Records from a dataset:
· · · · · · ·

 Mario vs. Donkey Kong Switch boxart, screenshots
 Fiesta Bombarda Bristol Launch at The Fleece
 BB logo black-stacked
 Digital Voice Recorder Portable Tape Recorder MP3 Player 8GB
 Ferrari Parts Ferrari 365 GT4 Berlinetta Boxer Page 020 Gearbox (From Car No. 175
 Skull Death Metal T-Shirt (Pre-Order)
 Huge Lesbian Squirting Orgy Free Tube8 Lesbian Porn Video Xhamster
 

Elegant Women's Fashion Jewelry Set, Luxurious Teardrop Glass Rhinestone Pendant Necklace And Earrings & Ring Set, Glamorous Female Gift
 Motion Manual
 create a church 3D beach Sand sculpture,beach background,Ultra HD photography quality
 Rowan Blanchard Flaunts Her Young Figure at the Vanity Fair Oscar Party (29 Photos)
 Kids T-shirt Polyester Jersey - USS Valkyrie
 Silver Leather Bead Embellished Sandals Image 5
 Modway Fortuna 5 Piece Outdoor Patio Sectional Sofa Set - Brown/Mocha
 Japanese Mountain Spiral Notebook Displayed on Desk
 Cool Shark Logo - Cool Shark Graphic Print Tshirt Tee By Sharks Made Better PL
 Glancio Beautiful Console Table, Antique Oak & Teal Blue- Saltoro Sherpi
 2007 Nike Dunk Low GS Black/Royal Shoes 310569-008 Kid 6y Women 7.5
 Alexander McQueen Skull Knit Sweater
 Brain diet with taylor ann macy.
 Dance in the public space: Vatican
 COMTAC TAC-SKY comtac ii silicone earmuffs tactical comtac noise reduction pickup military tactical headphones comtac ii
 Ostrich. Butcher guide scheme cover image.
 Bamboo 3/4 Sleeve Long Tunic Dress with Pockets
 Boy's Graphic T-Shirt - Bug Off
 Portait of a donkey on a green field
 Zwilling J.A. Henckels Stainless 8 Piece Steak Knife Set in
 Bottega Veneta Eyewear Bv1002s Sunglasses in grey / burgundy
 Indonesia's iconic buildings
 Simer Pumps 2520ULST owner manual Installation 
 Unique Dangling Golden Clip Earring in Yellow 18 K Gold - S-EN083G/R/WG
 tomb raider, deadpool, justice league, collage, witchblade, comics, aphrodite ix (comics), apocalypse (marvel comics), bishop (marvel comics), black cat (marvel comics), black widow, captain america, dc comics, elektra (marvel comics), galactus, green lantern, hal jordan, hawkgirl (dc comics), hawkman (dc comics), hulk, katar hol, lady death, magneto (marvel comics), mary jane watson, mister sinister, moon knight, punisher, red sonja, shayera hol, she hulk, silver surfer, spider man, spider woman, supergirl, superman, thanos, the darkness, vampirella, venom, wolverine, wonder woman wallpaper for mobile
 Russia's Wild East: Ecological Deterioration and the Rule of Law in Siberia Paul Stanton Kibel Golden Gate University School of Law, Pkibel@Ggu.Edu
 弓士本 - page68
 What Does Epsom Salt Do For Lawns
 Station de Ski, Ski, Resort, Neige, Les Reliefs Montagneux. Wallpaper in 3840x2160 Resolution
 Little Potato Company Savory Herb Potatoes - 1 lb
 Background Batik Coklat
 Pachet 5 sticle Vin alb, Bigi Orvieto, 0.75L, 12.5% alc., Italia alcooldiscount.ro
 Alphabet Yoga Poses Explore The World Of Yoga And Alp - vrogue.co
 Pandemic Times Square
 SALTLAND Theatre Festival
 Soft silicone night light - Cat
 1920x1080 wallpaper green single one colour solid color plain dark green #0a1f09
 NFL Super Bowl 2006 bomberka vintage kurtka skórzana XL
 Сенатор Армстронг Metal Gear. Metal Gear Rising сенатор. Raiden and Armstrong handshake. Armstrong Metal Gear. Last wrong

· · · · · · ·

Up to and including the line that contains "Elegant Women's Fashion", output the records above exactly, beginning with their first line.

 Mario vs. Donkey Kong Switch boxart, screenshots
 Fiesta Bombarda Bristol Launch at The Fleece
 BB logo black-stacked
 Digital Voice Recorder Portable Tape Recorder MP3 Player 8GB
 Ferrari Parts Ferrari 365 GT4 Berlinetta Boxer Page 020 Gearbox (From Car No. 175
 Skull Death Metal T-Shirt (Pre-Order)
 Huge Lesbian Squirting Orgy Free Tube8 Lesbian Porn Video Xhamster
 

Elegant Women's Fashion Jewelry Set, Luxurious Teardrop Glass Rhinestone Pendant Necklace And Earrings & Ring Set, Glamorous Female Gift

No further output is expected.